* _What you should do_: Begin the copy at the line containing "A Proper Bostonian: Cats In Windows" in the data below and end it at the line containing "provector logo", keeping each line exact and leaving out pictures.

* _The records_:
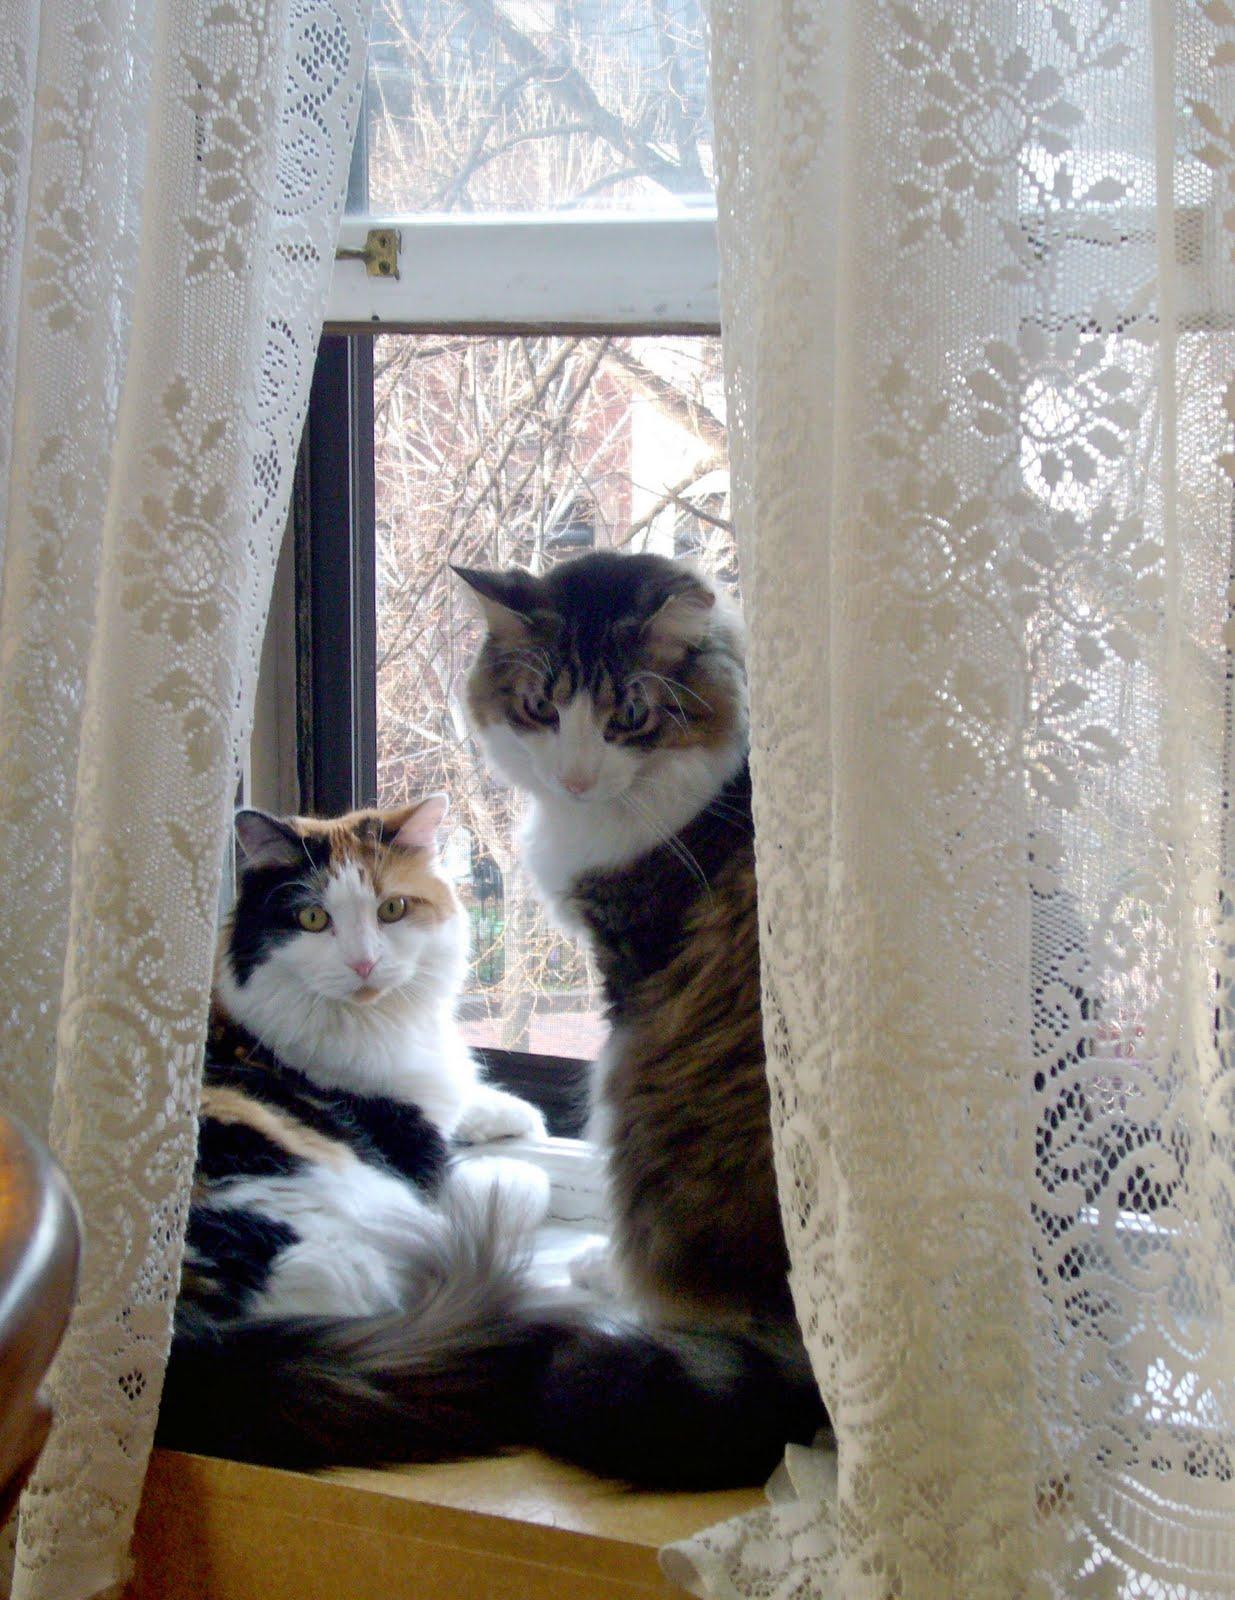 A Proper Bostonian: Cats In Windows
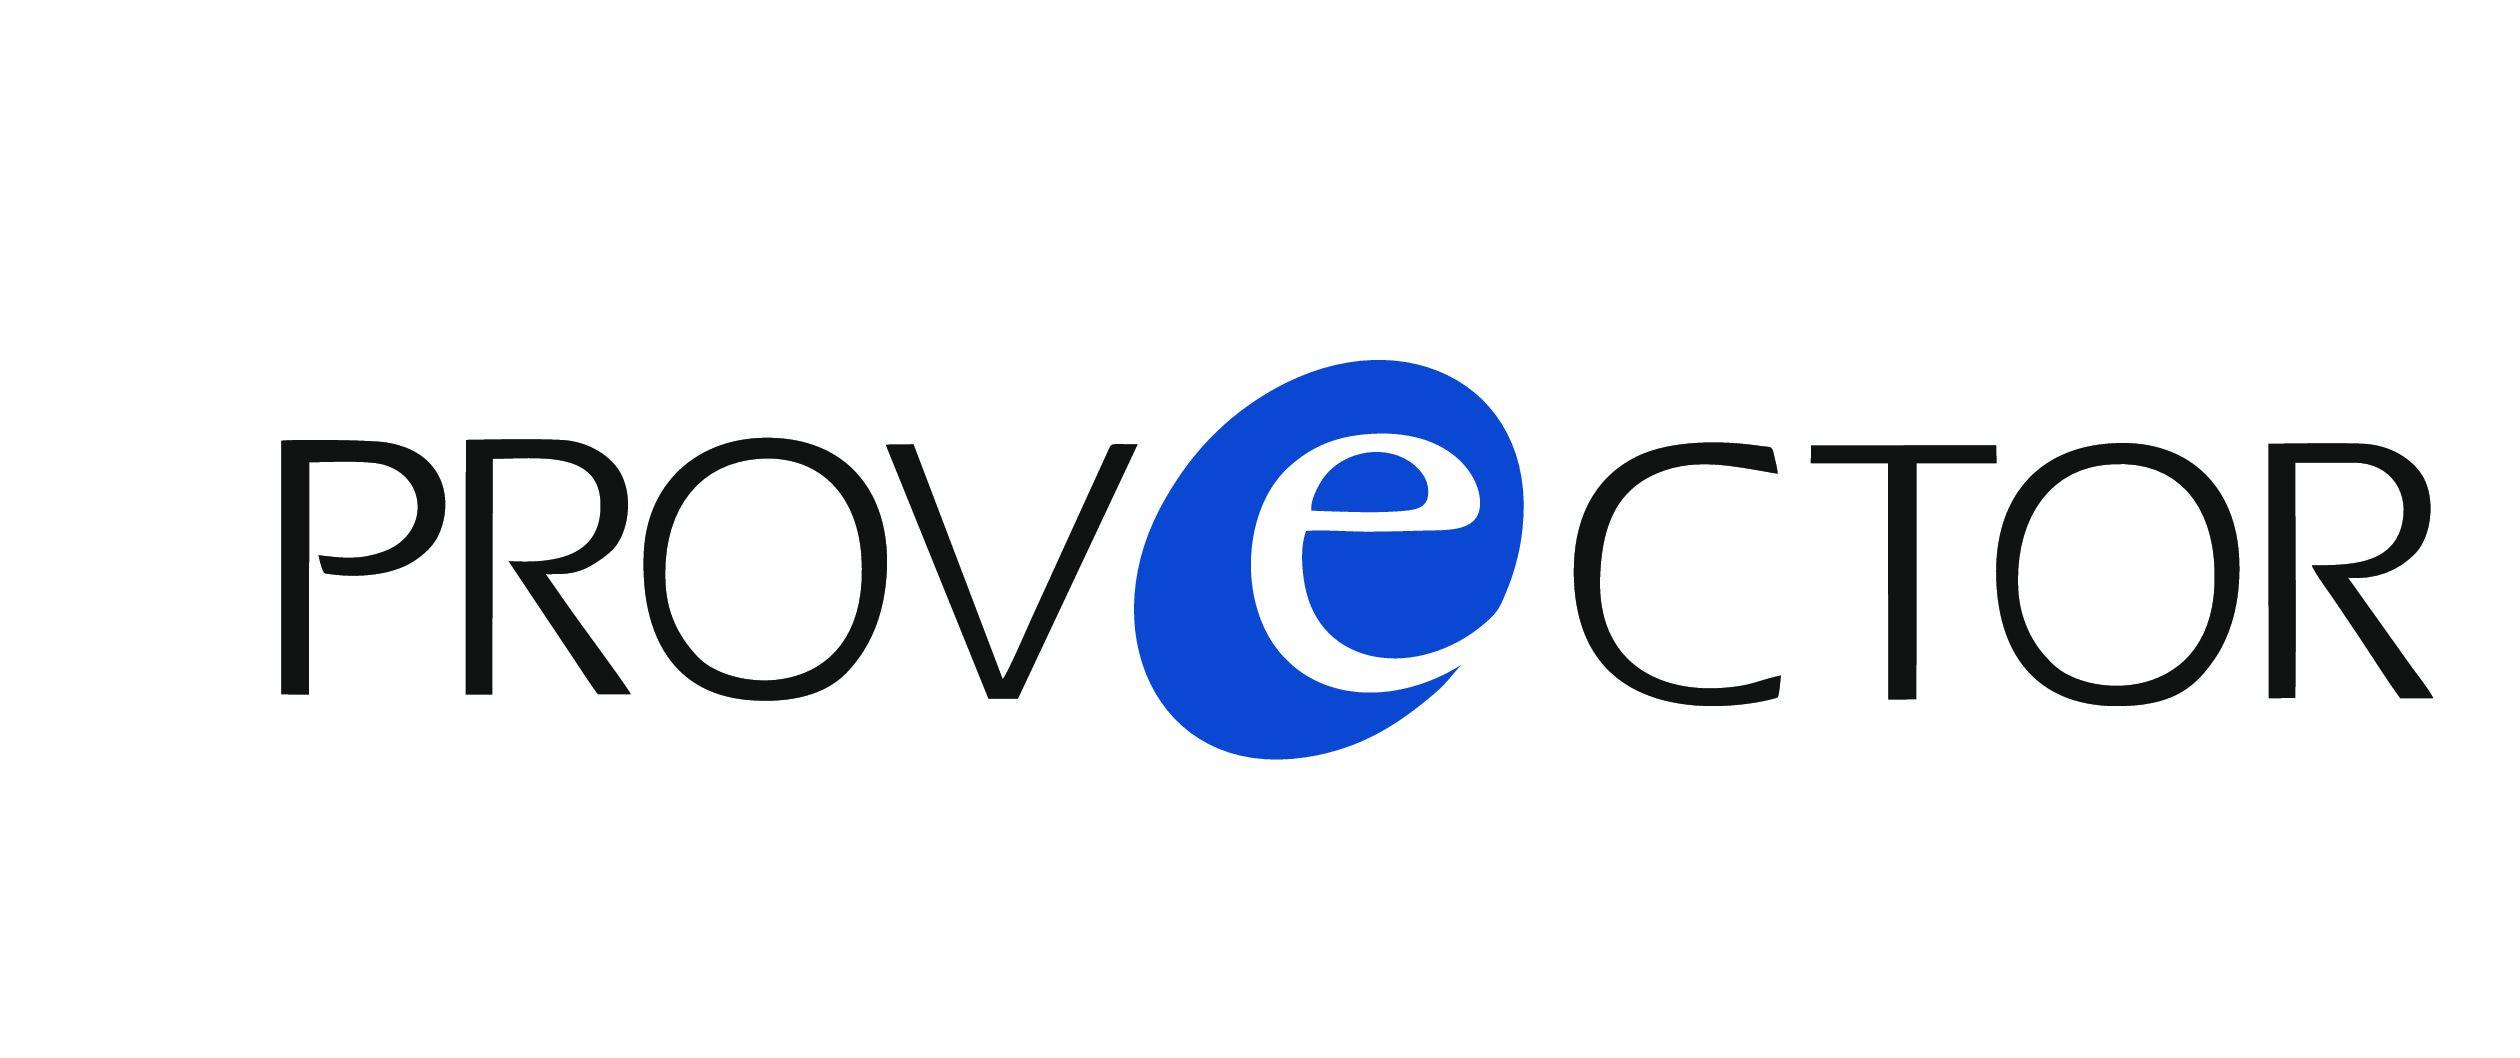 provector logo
--
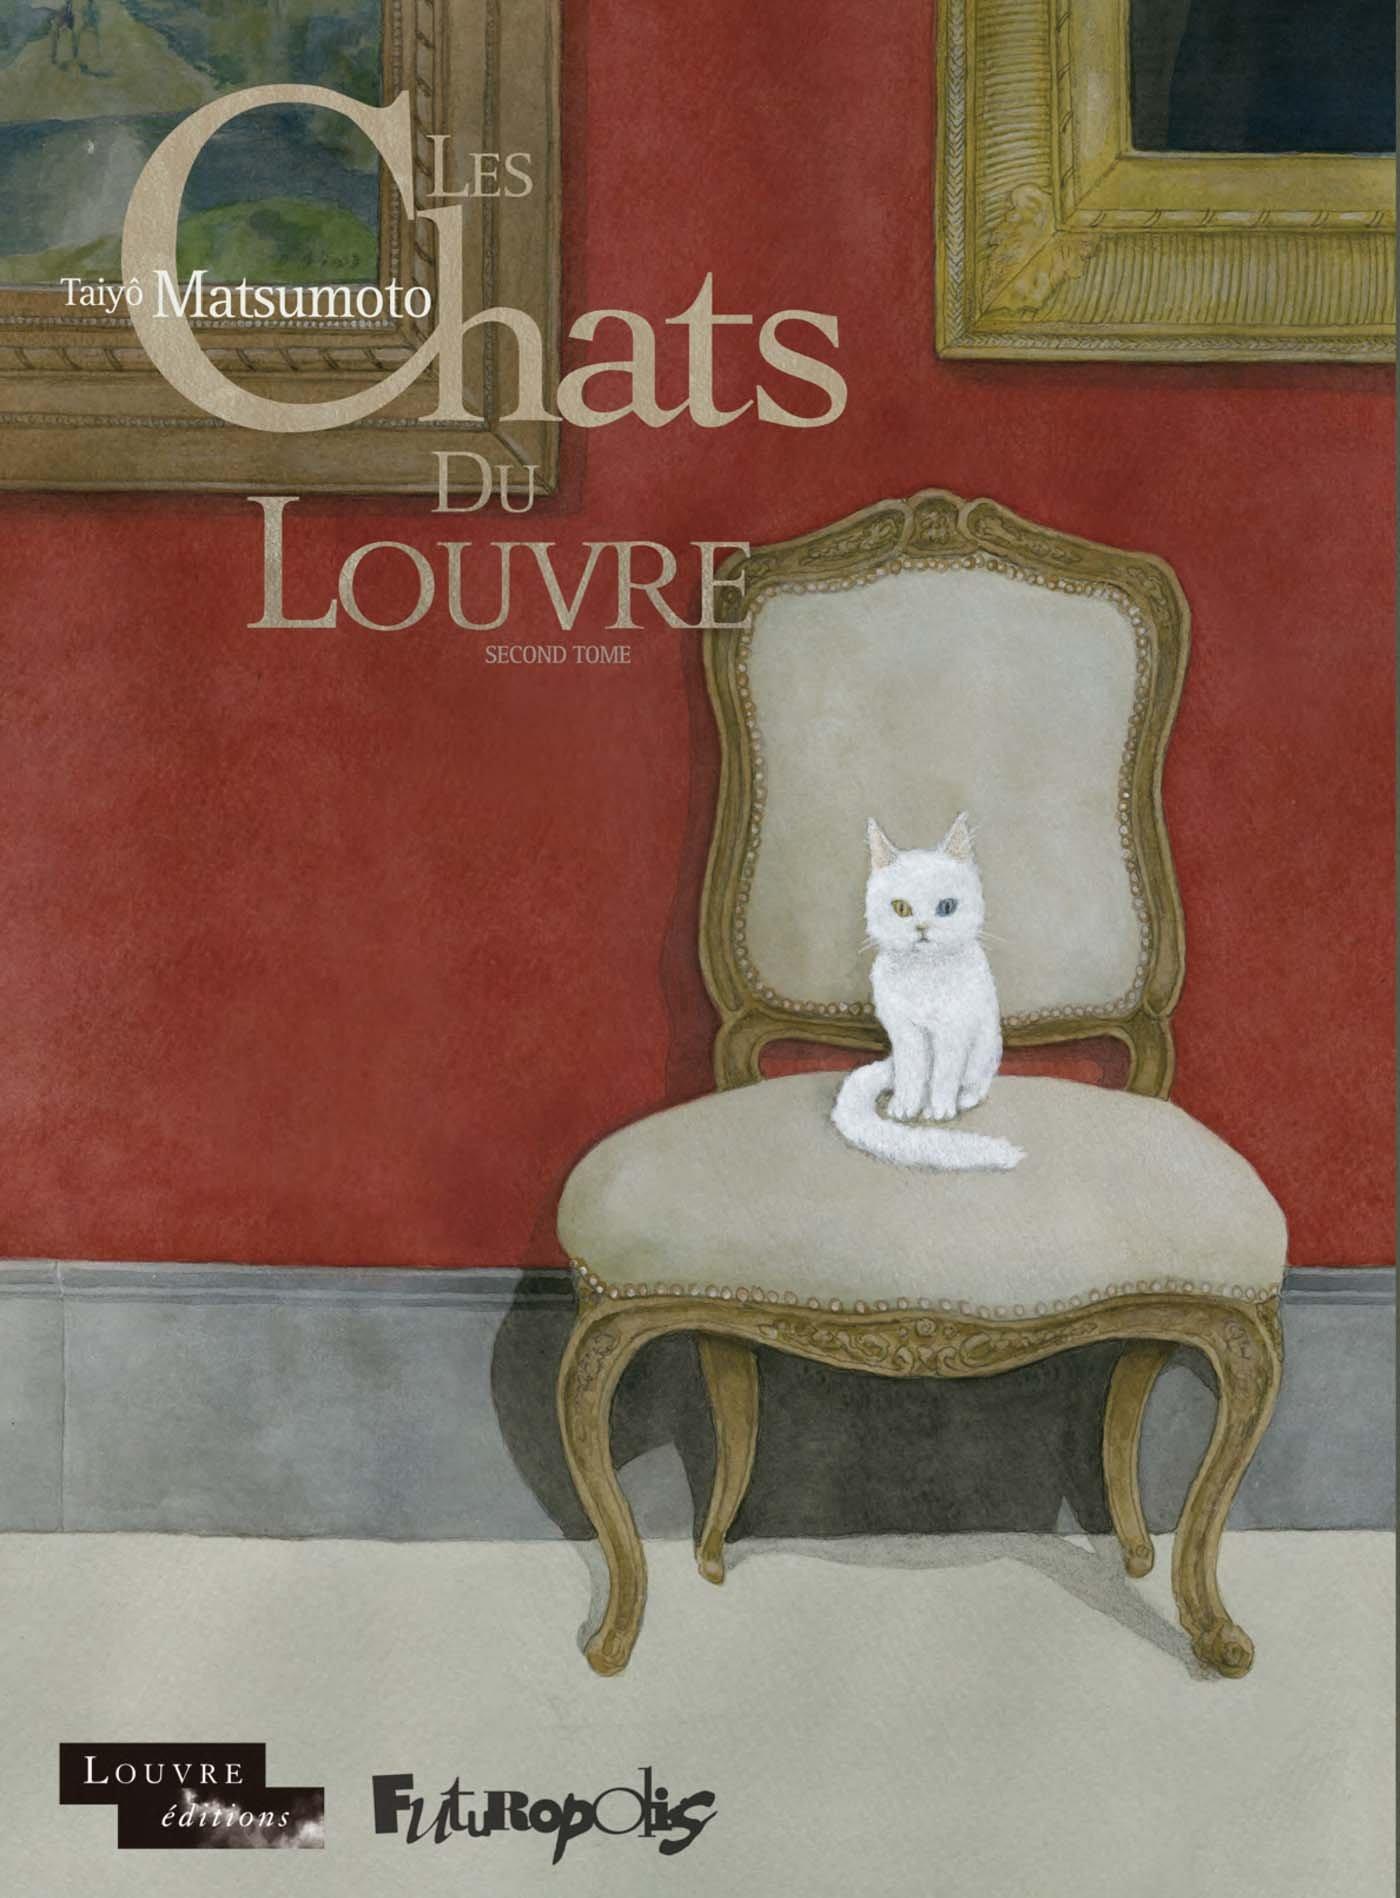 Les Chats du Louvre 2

* _Task output_:
 A Proper Bostonian: Cats In Windows
 provector logo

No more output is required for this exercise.